All of lore.kernel.org
 help / color / mirror / Atom feed
From: Greg Kroah-Hartman <gregkh@linuxfoundation.org>
To: stable@vger.kernel.org
Cc: Greg Kroah-Hartman <gregkh@linuxfoundation.org>,
	patches@lists.linux.dev, Mukesh Ojha <quic_mojha@quicinc.com>,
	Sasha Levin <sashal@kernel.org>
Subject: [PATCH 4.19 54/55] devcoredump : Serialize devcd_del work
Date: Mon, 11 Dec 2023 19:22:04 +0100	[thread overview]
Message-ID: <20231211182014.282007034@linuxfoundation.org> (raw)
In-Reply-To: <20231211182012.263036284@linuxfoundation.org>

4.19-stable review patch.  If anyone has any objections, please let me know.

------------------

From: Mukesh Ojha <quic_mojha@quicinc.com>

[ Upstream commit 01daccf748323dfc61112f474cf2ba81015446b0 ]
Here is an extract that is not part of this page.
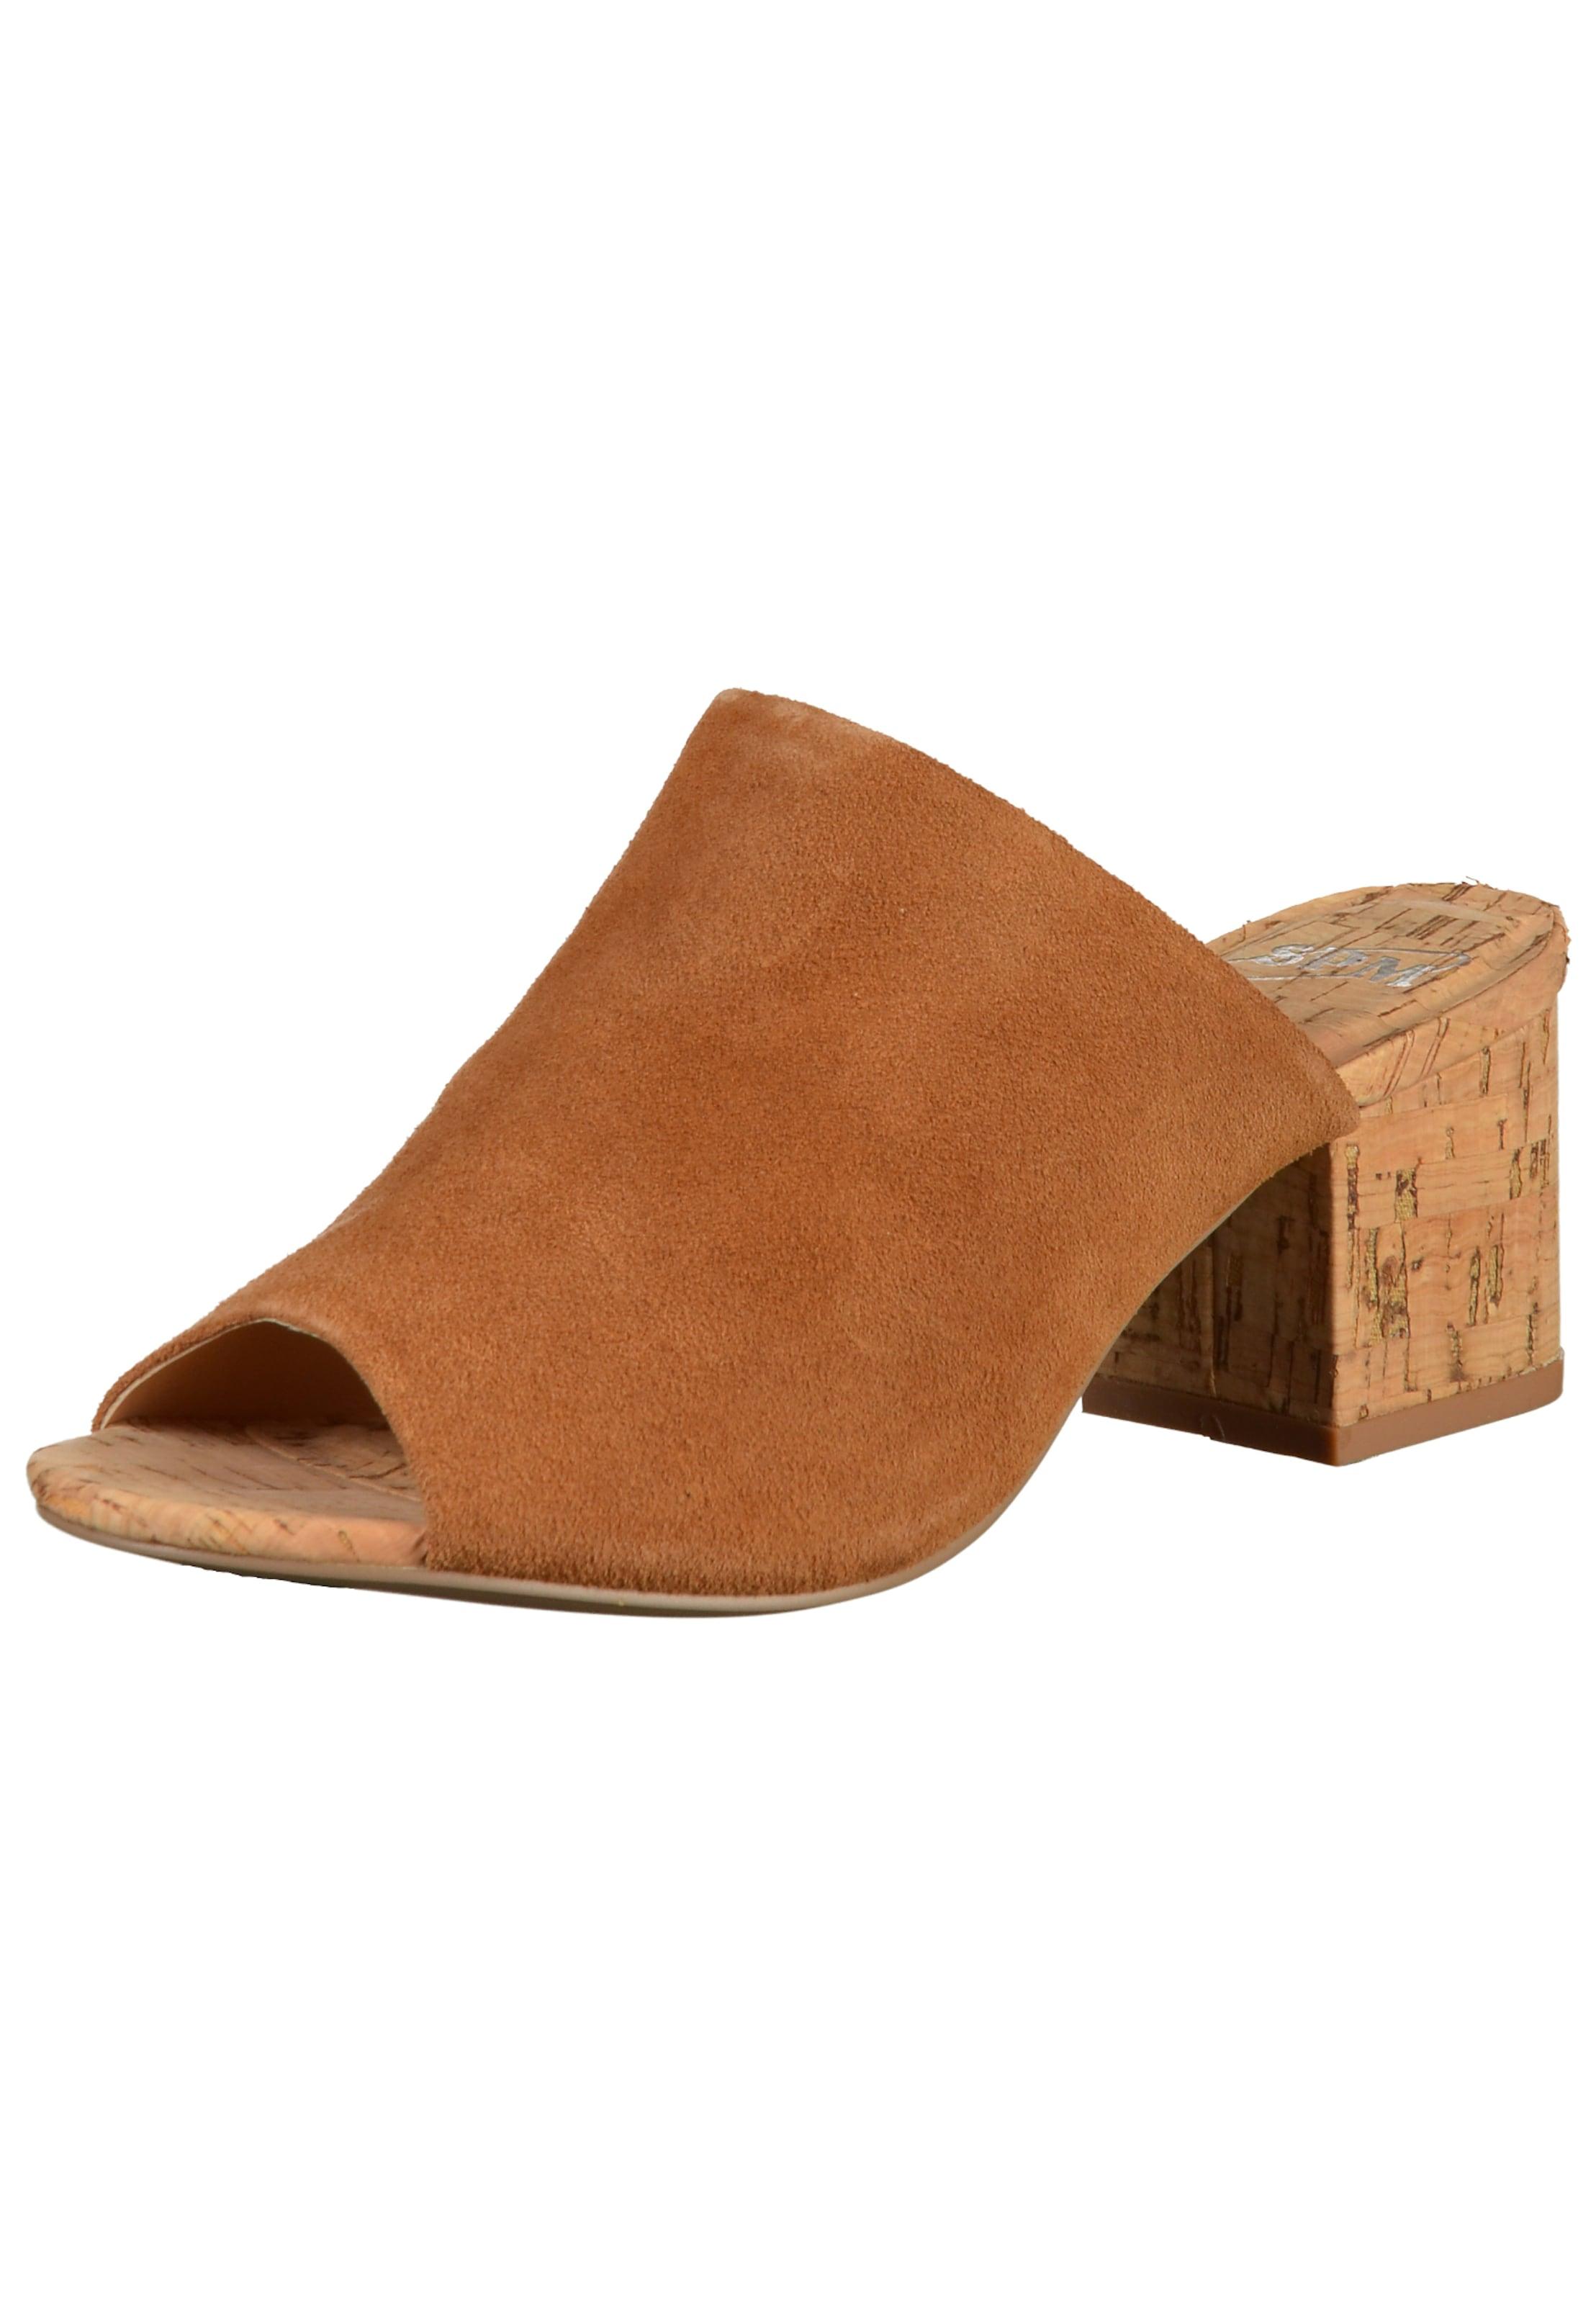 Haltbare Mode billige Schuhe SPM getragene | Pantoletten Schuhe Gut getragene SPM Schuhe f67d80
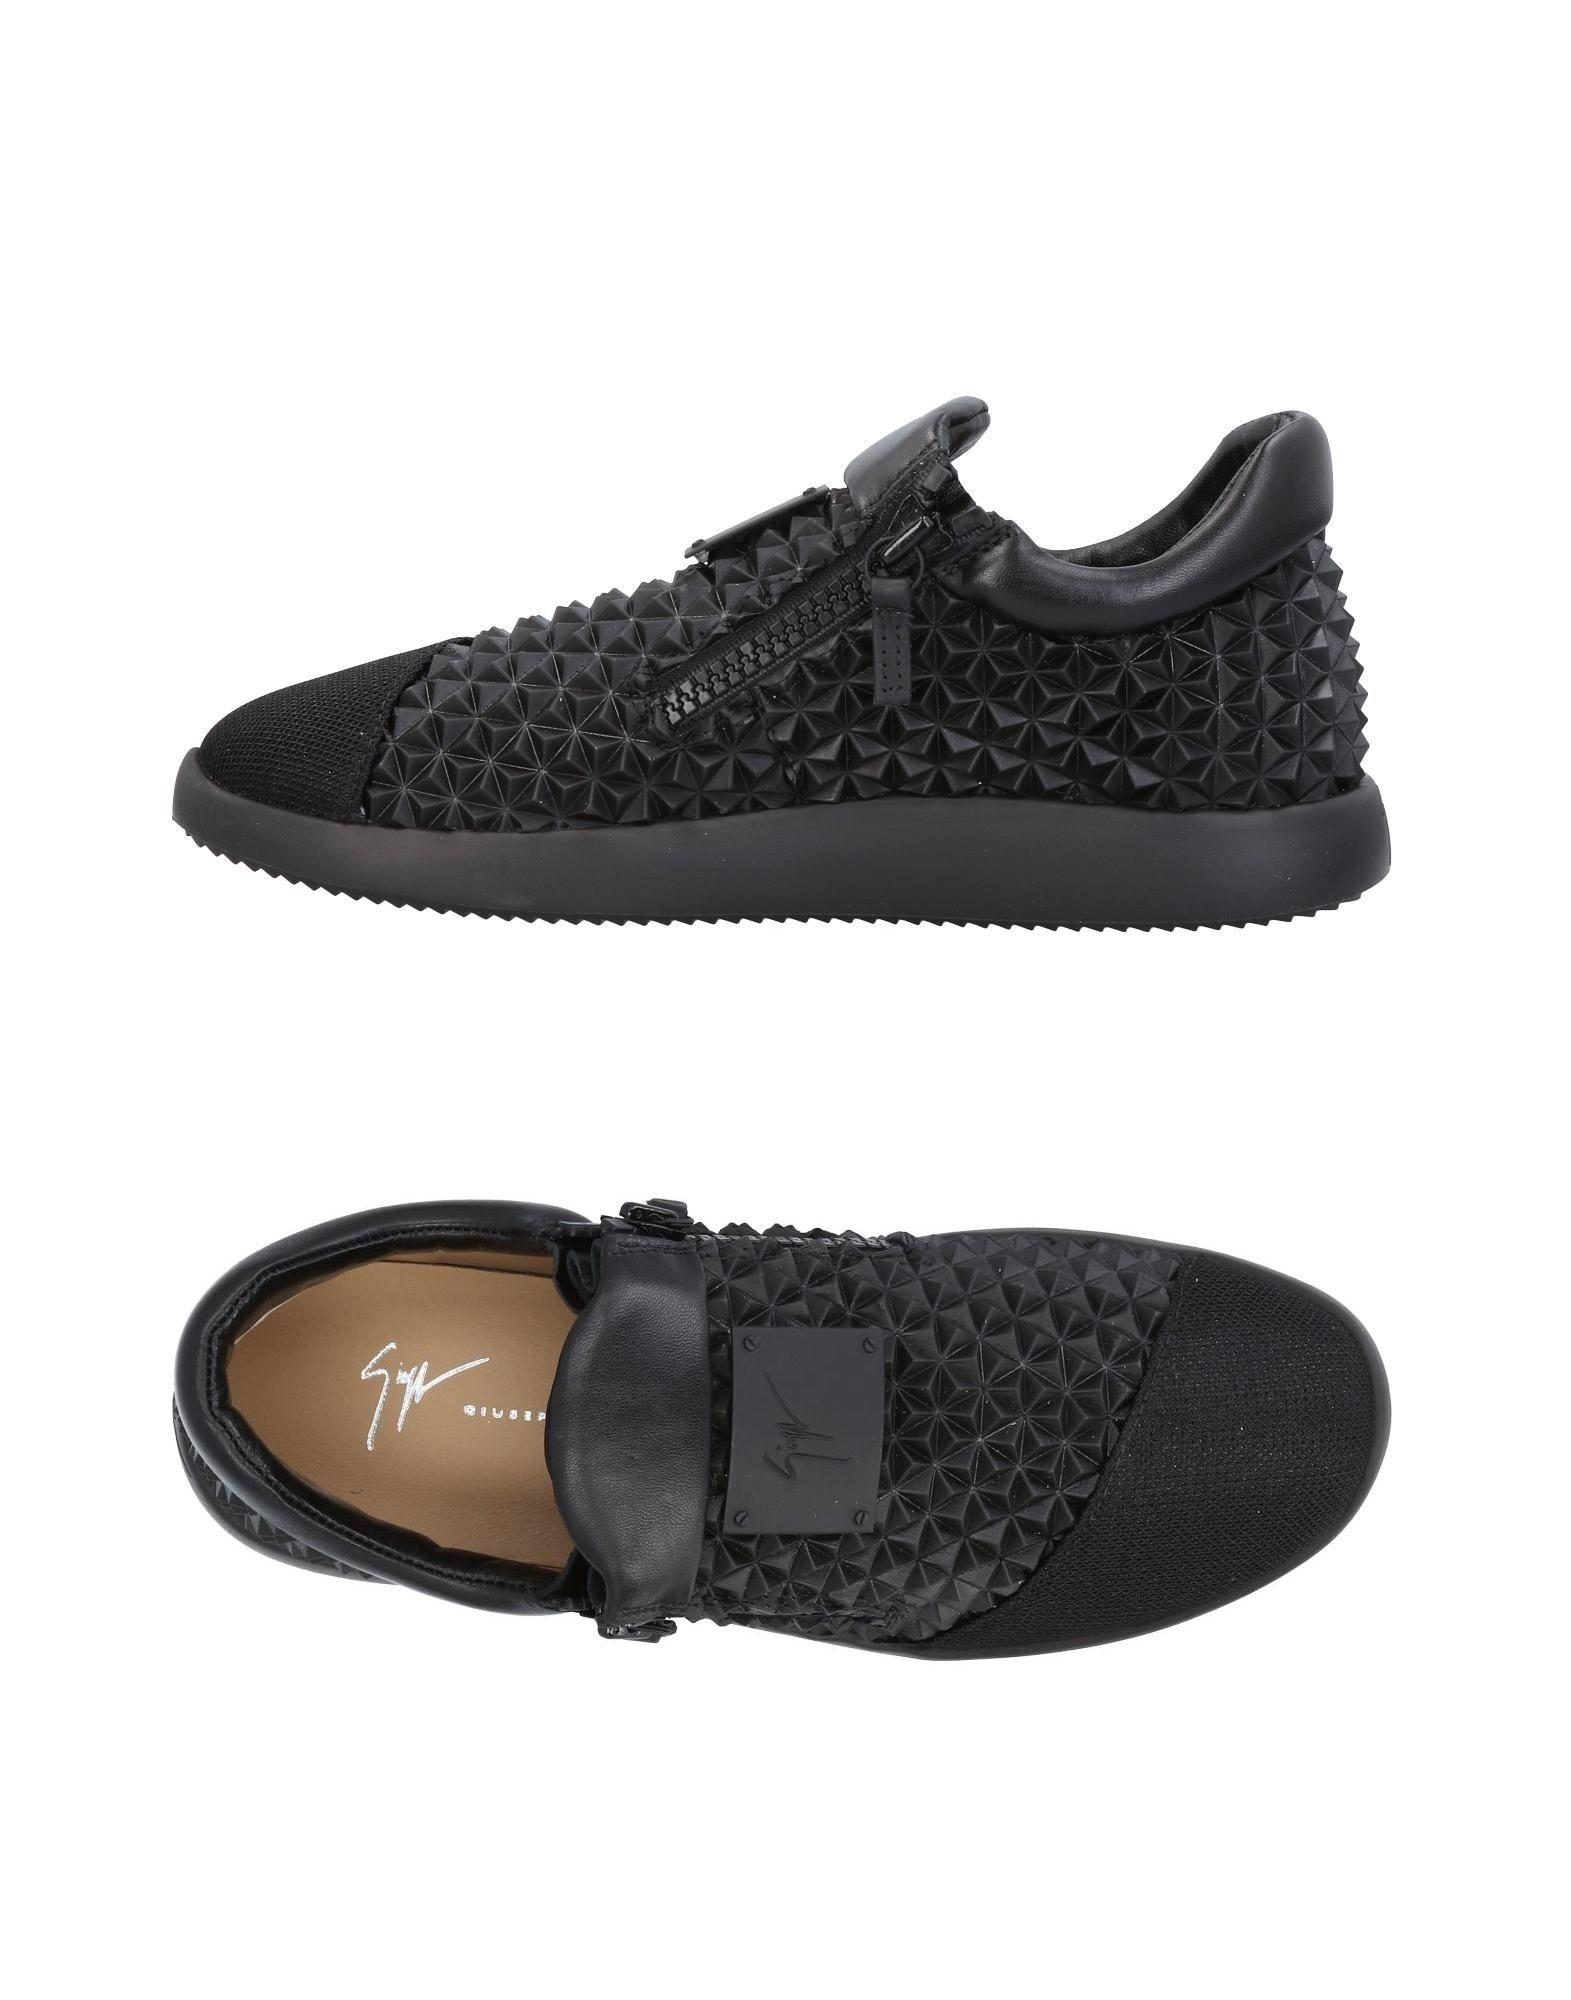 Giuseppe Zanotti Sneakers Herren  11447074EM Gute Qualität beliebte Schuhe

In following scenario(diagram), when one thread X running dev_coredumpm()
adds devcd device to the framework which sends uevent notification to
userspace and another thread Y reads this uevent and call to
devcd_data_write() which eventually try to delete the queued timer that
is not initialized/queued yet.

So, debug object reports some warning and in the meantime, timer is
initialized and queued from X path. and from Y path, it gets reinitialized
again and timer->entry.pprev=NULL and try_to_grab_pending() stucks.

To fix this, introduce mutex and a boolean flag to serialize the behaviour.

 	cpu0(X)			                cpu1(Y)

    dev_coredump() uevent sent to user space
    device_add()  ======================> user space process Y reads the
                                          uevents writes to devcd fd
                                          which results into writes to

                                         devcd_data_write()
                                           mod_delayed_work()
                                             try_to_grab_pending()
                                               del_timer()
                                                 debug_assert_init()
   INIT_DELAYED_WORK()
   schedule_delayed_work()
                                                   debug_object_fixup()
                                                     timer_fixup_assert_init()
                                                       timer_setup()
                                                         do_init_timer()
                                                       /*
                                                        Above call reinitializes
                                                        the timer to
                                                        timer->entry.pprev=NULL
                                                        and this will be checked
                                                        later in timer_pending() call.
                                                       */
                                                 timer_pending()
                                                  !hlist_unhashed_lockless(&timer->entry)
                                                    !h->pprev
                                                /*
                                                  del_timer() checks h->pprev and finds
                                                  it to be NULL due to which
                                                  try_to_grab_pending() stucks.
                                                */

Link: https://lore.kernel.org/lkml/2e1f81e2-428c-f11f-ce92-eb11048cb271@quicinc.com/
Signed-off-by: Mukesh Ojha <quic_mojha@quicinc.com>
Link: https://lore.kernel.org/r/1663073424-13663-1-git-send-email-quic_mojha@quicinc.com
Signed-off-by: Greg Kroah-Hartman <gregkh@linuxfoundation.org>
Stable-dep-of: af54d778a038 ("devcoredump: Send uevent once devcd is ready")
Signed-off-by: Sasha Levin <sashal@kernel.org>
---
 drivers/base/devcoredump.c | 83 +++++++++++++++++++++++++++++++++++++-
 1 file changed, 81 insertions(+), 2 deletions(-)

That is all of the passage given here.